[[ Data excerpt, beginning ]]
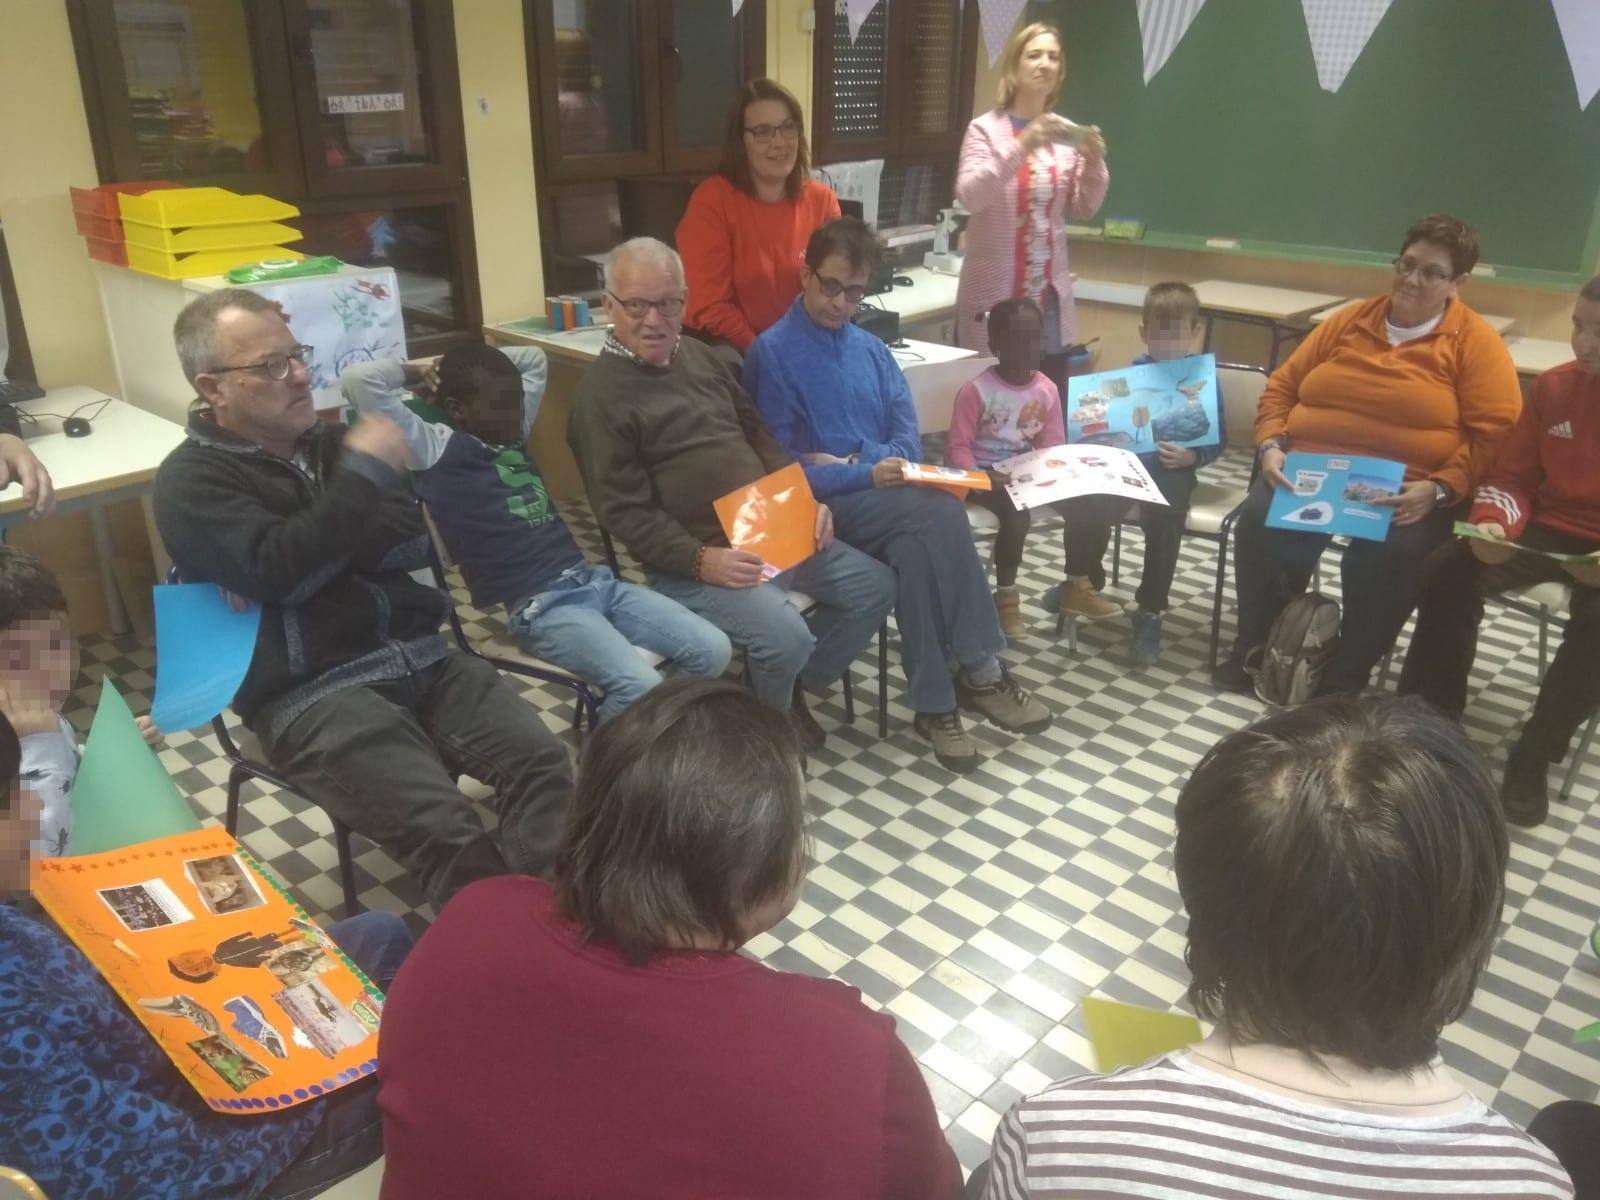 ATADI Maestrazgo y el CRA Els Ports realizan actividades en torno a la discapacidad
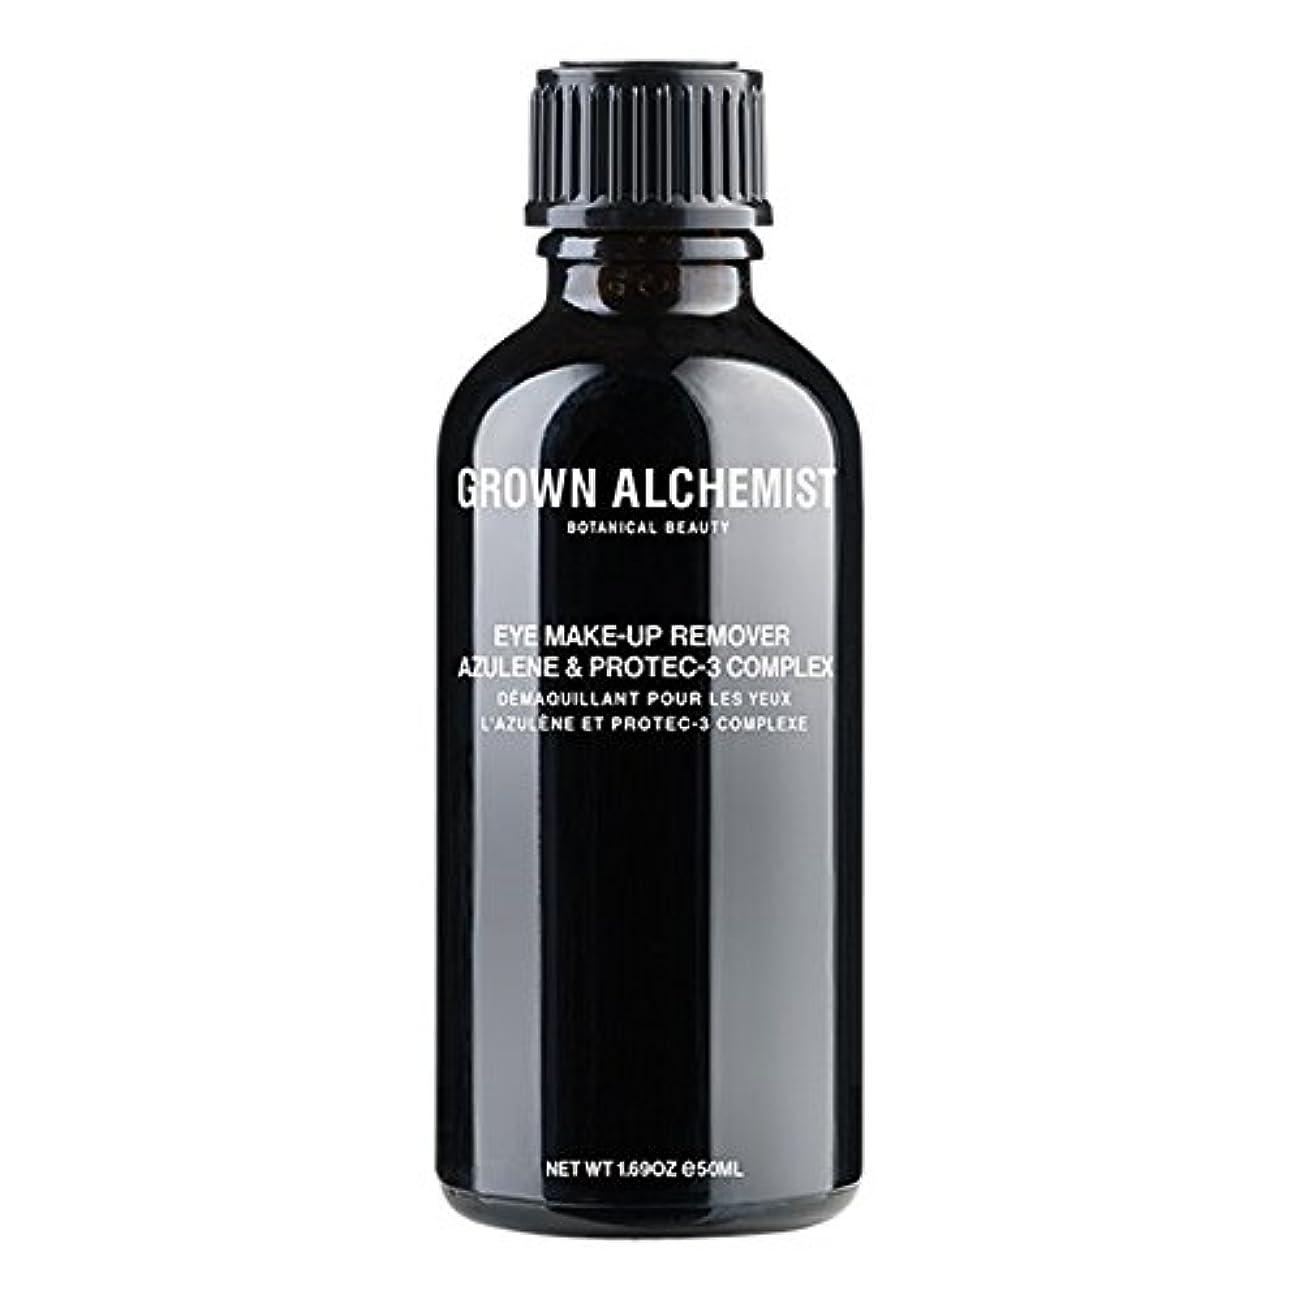 テープ接地掃く成長した錬金術師アズレン&Protec-3アイメイクアップリムーバーの50ミリリットル (Grown Alchemist) - Grown Alchemist Azulene & Protec-3 Eye-Makeup...
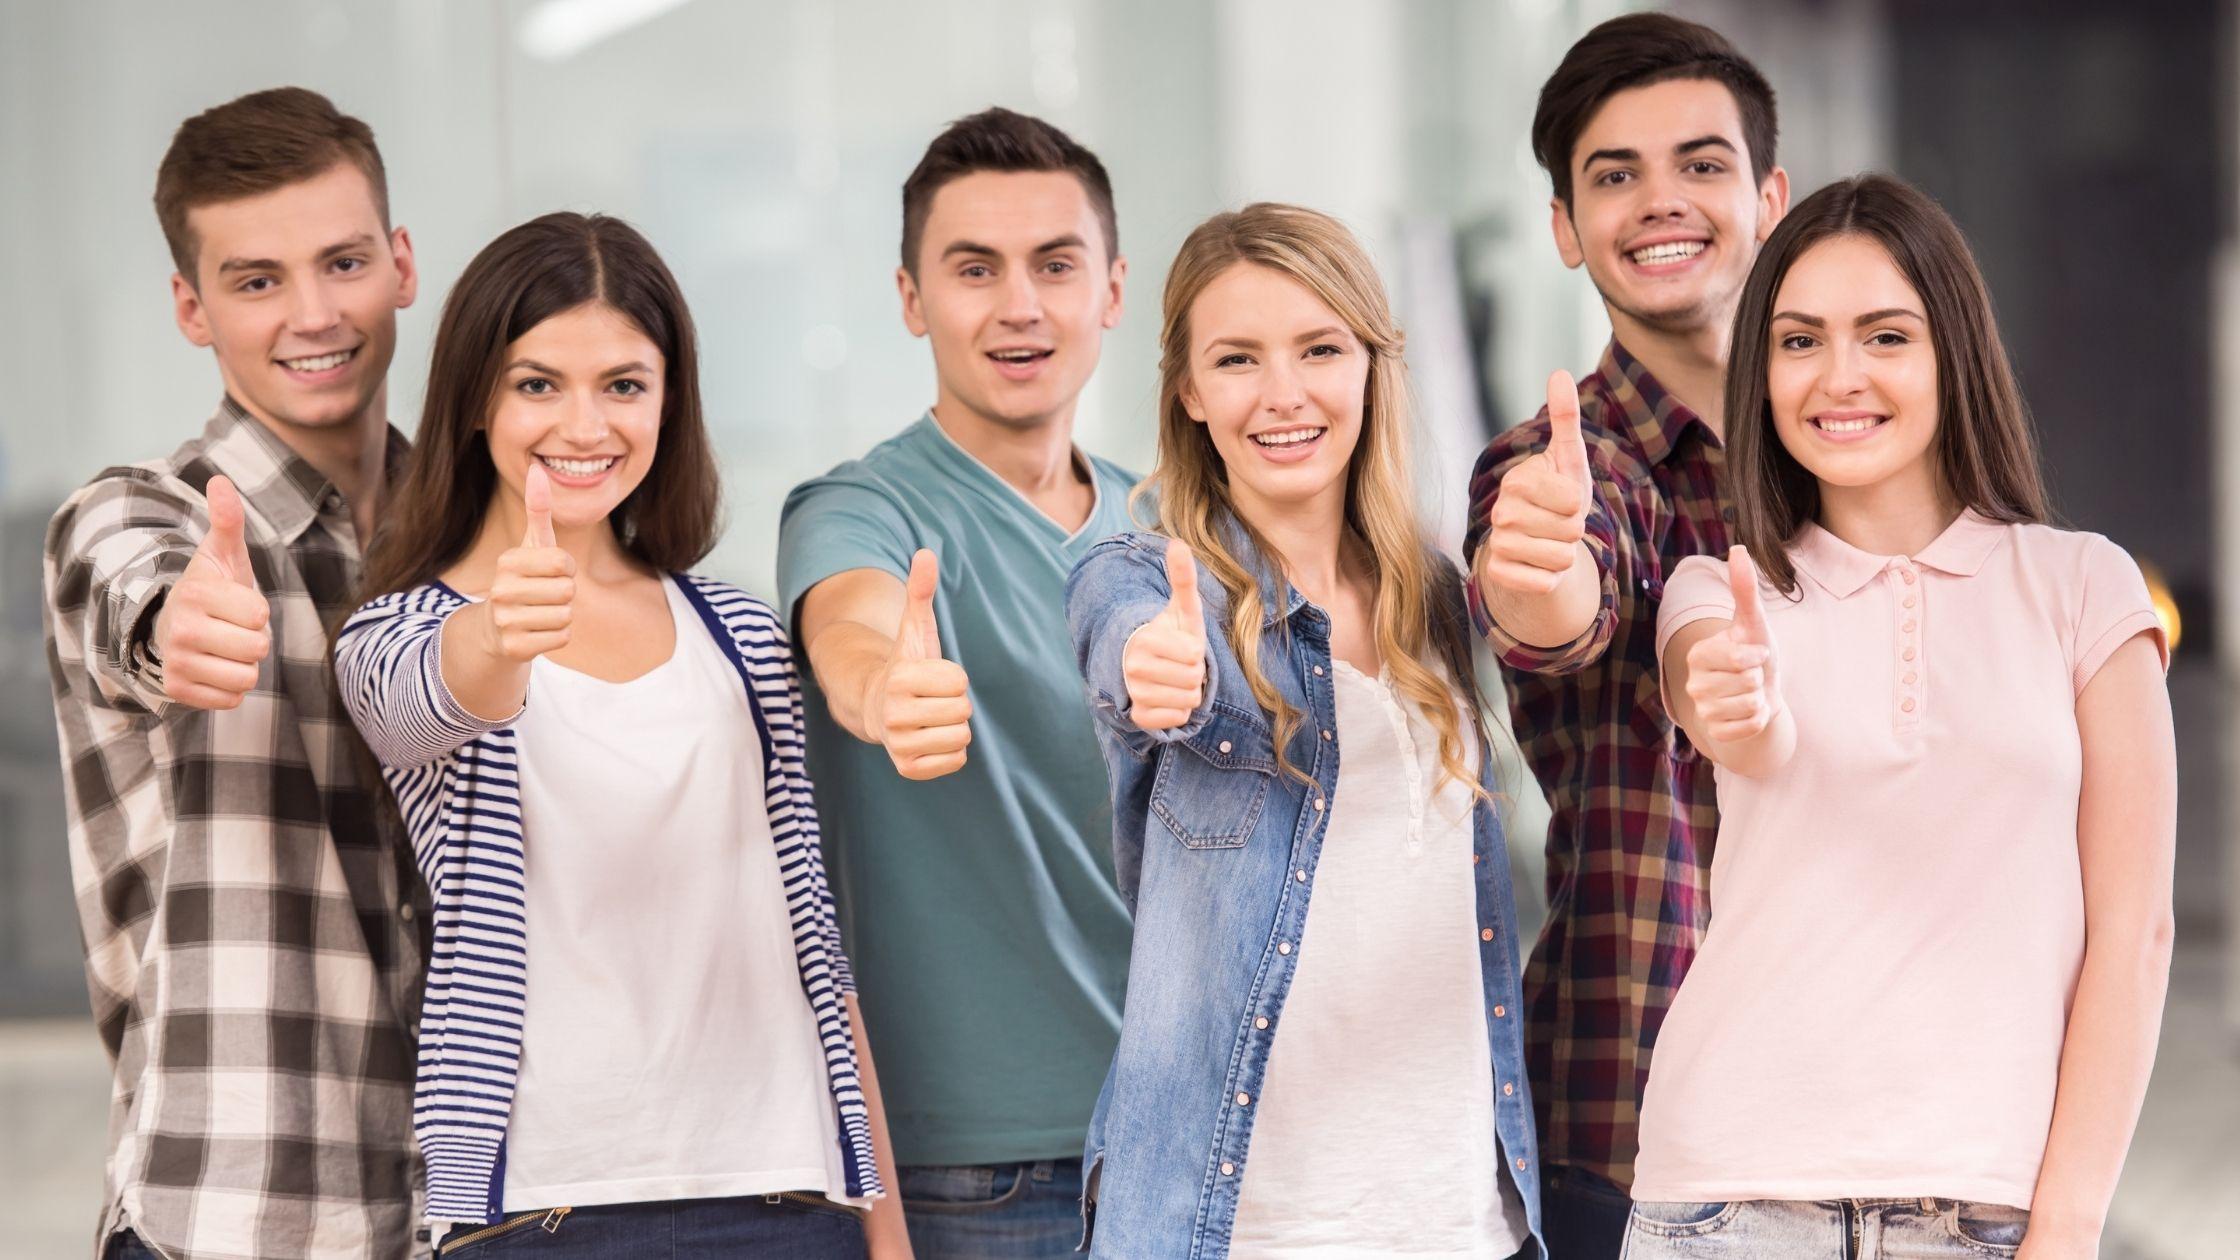 A imagem do artigo 'Como aumentar a auto-confiança' mostra 6 pessoas. Há 3 raparigas e 3 rapazes a mostrar um gesto de sucesso enquanto fazem o sinal dos polegares para cima.
[[ Data excerpt, end ]]
Your task is to reproduce all of the material exactly. The pictures stay out.

* Written answer
 ATADI Maestrazgo y el CRA Els Ports realizan actividades en torno a la discapacidad
 テープ接地掃く成長した錬金術師アズレン&Protec-3アイメイクアップリムーバーの50ミリリットル (Grown Alchemist) - Grown Alchemist Azulene & Protec-3 Eye-Makeup...
 A imagem do artigo 'Como aumentar a auto-confiança' mostra 6 pessoas. Há 3 raparigas e 3 rapazes a mostrar um gesto de sucesso enquanto fazem o sinal dos polegares para cima.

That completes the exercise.